> _Data for this exercise_:

..........

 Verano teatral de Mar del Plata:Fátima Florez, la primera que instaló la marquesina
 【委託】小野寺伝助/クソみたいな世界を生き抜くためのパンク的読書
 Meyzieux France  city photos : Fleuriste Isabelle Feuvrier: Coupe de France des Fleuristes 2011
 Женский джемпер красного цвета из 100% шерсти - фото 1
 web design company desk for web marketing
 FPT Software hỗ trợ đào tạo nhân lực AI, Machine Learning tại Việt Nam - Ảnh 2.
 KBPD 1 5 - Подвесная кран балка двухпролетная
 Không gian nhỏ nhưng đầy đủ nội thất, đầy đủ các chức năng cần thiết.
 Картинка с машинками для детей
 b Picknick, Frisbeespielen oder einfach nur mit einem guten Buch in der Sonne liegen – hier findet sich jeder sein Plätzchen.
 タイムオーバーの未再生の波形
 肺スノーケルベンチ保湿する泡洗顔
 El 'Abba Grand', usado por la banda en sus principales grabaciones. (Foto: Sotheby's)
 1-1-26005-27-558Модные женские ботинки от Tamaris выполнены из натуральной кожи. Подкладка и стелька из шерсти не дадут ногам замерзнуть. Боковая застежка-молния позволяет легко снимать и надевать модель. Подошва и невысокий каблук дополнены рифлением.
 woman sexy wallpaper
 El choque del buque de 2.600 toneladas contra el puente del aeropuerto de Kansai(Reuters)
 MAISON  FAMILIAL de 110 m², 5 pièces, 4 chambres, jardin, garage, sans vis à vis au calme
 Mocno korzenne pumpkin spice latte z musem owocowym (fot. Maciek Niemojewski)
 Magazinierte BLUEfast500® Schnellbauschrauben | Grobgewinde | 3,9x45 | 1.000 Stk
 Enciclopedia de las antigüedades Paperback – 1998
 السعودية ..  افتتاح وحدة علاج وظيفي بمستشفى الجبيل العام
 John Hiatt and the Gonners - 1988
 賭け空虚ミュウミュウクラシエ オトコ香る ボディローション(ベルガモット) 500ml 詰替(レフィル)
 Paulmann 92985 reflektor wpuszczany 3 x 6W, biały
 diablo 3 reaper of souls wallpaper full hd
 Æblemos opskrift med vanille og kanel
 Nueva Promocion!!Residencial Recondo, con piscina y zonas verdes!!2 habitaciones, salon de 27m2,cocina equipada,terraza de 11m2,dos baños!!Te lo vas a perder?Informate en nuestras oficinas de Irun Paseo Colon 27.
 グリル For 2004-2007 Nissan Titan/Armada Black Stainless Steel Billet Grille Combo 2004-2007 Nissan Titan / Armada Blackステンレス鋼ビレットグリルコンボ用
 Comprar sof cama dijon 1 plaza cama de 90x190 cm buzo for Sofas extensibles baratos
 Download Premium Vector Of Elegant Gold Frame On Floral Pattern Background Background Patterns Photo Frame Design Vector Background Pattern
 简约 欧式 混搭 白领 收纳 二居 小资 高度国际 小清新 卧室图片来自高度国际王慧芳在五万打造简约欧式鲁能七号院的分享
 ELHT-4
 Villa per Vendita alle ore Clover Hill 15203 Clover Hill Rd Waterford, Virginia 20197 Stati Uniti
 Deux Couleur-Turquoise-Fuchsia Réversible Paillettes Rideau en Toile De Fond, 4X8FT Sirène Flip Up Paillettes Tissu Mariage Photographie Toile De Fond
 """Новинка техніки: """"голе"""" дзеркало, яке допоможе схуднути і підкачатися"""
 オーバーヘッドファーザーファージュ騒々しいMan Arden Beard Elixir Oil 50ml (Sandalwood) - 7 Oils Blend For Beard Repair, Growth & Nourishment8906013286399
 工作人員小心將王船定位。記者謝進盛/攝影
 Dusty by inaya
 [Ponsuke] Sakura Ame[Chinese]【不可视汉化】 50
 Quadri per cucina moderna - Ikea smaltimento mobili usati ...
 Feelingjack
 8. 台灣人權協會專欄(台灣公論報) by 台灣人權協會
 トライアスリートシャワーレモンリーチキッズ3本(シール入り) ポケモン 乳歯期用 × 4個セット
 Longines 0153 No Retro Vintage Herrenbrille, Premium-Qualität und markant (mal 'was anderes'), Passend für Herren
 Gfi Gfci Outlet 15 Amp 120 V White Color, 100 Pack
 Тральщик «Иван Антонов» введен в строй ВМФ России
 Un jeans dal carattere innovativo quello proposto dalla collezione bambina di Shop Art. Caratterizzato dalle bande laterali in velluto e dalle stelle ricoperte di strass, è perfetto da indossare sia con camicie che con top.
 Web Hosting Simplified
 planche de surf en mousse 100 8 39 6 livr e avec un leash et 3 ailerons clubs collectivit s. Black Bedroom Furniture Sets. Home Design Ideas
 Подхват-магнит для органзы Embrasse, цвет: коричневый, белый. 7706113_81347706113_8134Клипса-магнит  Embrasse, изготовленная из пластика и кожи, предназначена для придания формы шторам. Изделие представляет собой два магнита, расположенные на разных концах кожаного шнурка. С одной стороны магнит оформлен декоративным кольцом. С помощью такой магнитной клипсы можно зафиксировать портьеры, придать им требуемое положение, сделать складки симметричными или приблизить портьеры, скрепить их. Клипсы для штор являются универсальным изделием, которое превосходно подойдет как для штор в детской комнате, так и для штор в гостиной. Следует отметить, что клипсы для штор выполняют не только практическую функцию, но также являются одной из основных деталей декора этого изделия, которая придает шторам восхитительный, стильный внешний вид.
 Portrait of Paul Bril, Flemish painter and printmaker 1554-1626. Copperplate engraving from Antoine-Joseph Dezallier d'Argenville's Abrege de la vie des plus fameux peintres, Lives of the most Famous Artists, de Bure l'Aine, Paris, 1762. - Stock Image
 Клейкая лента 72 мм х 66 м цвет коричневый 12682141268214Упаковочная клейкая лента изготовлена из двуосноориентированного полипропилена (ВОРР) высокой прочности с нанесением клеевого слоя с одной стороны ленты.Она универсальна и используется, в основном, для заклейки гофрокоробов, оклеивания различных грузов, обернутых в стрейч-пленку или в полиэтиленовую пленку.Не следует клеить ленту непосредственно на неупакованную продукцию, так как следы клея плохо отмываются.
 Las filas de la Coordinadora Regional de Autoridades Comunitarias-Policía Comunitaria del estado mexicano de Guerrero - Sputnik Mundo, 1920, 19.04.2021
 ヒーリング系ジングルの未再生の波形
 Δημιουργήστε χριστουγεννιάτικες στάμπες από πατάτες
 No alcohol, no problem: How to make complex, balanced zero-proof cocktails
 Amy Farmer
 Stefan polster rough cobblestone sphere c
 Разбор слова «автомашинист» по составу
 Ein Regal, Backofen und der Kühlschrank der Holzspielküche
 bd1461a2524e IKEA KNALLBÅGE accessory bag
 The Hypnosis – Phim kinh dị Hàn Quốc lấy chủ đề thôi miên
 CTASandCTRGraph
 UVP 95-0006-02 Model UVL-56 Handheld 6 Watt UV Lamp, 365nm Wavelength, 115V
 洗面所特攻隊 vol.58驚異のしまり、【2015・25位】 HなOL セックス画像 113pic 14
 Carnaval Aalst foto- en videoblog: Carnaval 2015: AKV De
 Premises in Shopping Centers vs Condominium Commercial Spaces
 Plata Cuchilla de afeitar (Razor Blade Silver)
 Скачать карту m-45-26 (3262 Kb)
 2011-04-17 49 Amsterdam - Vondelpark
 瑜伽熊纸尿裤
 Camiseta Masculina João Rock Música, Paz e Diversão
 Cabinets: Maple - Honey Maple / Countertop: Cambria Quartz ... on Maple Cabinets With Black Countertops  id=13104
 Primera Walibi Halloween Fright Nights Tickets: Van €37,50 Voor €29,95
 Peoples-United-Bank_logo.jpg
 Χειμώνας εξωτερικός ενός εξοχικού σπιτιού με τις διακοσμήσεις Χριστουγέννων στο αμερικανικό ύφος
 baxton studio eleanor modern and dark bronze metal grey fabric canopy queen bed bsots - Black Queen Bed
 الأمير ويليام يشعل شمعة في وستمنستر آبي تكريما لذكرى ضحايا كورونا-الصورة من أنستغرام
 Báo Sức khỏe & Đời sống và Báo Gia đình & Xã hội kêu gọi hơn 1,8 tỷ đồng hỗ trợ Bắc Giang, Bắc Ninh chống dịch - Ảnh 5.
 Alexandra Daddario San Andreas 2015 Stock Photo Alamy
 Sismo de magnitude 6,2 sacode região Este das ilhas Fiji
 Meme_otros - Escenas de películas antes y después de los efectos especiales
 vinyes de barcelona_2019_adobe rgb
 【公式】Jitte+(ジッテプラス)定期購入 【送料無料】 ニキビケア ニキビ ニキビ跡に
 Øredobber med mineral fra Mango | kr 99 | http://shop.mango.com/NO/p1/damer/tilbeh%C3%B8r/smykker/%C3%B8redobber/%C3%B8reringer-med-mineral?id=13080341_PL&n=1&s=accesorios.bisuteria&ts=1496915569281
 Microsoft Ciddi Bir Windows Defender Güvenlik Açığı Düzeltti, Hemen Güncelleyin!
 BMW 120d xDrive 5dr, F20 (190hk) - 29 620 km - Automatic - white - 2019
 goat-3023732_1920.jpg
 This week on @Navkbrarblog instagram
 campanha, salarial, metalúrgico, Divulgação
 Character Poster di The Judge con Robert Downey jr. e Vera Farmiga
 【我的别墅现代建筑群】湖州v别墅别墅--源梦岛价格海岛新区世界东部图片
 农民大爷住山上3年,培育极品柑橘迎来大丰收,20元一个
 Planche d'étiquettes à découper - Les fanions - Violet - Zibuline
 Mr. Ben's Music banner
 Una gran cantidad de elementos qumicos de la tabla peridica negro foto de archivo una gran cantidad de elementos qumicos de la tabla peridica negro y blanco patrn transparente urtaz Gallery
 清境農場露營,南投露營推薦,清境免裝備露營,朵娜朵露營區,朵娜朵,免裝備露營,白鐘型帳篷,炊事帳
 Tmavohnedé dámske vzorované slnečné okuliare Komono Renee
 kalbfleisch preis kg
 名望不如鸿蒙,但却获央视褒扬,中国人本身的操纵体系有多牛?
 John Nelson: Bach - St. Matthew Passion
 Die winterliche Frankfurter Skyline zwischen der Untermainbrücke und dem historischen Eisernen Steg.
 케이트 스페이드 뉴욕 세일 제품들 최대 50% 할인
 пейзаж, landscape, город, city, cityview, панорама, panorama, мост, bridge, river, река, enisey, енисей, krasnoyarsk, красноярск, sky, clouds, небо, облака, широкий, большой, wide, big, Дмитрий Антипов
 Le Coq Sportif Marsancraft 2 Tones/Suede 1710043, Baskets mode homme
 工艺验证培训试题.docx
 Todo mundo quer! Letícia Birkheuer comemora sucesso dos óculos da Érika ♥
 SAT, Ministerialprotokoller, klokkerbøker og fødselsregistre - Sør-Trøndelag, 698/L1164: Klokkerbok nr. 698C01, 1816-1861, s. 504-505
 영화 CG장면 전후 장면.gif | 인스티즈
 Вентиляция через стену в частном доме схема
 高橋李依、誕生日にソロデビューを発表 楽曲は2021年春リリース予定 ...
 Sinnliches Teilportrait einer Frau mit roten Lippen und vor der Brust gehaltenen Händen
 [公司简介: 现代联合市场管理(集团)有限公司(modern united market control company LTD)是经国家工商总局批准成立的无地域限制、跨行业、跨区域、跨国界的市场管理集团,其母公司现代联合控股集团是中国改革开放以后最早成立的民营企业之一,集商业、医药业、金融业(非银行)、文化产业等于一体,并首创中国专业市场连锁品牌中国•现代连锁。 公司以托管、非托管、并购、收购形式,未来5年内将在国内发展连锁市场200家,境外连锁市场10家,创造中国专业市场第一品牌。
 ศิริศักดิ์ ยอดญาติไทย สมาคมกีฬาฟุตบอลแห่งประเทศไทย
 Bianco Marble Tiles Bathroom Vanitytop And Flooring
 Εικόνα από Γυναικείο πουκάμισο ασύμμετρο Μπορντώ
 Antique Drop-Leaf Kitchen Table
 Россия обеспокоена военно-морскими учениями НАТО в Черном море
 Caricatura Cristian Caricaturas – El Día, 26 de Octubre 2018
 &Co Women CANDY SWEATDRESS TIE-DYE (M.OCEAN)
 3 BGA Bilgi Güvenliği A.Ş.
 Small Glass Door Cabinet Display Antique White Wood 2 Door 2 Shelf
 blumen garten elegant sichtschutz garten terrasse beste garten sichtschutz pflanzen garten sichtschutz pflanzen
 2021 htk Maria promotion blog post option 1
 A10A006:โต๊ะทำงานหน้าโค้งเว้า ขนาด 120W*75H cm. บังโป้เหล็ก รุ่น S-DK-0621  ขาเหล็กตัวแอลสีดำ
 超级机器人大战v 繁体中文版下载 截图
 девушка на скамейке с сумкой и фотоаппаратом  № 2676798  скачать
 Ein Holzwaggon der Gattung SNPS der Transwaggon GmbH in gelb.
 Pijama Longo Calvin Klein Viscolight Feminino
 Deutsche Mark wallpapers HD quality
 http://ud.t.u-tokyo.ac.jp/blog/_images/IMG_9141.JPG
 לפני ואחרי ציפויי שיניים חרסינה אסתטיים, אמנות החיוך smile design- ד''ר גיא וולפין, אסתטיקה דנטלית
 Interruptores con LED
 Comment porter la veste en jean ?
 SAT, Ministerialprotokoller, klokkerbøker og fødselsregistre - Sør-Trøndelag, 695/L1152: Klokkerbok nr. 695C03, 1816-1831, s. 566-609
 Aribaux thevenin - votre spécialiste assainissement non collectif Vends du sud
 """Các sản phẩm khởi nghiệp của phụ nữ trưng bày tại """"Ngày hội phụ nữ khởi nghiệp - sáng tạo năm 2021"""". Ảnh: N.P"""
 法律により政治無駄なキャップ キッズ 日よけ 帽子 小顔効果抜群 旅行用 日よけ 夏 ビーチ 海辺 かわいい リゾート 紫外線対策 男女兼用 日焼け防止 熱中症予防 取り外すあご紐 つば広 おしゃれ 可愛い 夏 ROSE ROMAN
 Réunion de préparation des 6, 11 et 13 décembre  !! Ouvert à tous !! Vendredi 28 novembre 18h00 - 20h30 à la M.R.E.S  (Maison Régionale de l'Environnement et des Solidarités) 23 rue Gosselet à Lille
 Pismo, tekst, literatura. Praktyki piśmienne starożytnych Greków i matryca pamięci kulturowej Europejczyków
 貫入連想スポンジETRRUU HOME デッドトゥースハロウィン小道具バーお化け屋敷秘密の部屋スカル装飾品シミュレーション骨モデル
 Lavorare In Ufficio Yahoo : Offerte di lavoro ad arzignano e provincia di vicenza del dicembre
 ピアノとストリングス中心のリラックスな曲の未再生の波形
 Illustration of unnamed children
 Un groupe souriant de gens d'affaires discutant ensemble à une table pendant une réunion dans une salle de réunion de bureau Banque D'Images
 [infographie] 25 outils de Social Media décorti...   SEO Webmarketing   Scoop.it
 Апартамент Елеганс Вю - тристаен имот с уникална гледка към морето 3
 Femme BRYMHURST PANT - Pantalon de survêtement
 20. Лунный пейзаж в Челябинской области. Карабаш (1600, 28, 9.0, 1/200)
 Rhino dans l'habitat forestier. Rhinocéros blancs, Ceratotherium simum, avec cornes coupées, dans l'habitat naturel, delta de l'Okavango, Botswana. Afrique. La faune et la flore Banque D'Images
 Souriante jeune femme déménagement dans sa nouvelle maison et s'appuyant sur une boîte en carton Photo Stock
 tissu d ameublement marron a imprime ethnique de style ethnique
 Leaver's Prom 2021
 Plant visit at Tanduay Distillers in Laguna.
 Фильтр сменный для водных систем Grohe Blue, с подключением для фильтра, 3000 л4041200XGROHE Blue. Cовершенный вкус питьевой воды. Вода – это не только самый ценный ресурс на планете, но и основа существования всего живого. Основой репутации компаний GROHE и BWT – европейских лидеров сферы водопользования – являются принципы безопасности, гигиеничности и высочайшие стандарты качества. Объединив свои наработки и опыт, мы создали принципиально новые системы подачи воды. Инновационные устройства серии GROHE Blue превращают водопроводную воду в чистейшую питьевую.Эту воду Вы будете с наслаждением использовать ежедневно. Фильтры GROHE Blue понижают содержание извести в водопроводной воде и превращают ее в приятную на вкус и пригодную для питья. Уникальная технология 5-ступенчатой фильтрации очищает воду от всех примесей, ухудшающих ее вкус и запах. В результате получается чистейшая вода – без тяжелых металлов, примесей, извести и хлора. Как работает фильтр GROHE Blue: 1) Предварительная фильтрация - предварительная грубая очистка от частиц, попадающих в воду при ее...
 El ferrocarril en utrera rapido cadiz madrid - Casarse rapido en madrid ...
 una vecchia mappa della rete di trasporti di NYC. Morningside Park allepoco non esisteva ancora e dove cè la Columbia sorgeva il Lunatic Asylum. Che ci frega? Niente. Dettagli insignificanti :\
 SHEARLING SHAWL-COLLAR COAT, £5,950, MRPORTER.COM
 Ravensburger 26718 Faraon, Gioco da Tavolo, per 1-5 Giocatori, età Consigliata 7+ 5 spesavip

..........

Once the lines above that include "klokkerbøker" are counted, report the number and nothing else.

> _The completed task_:
2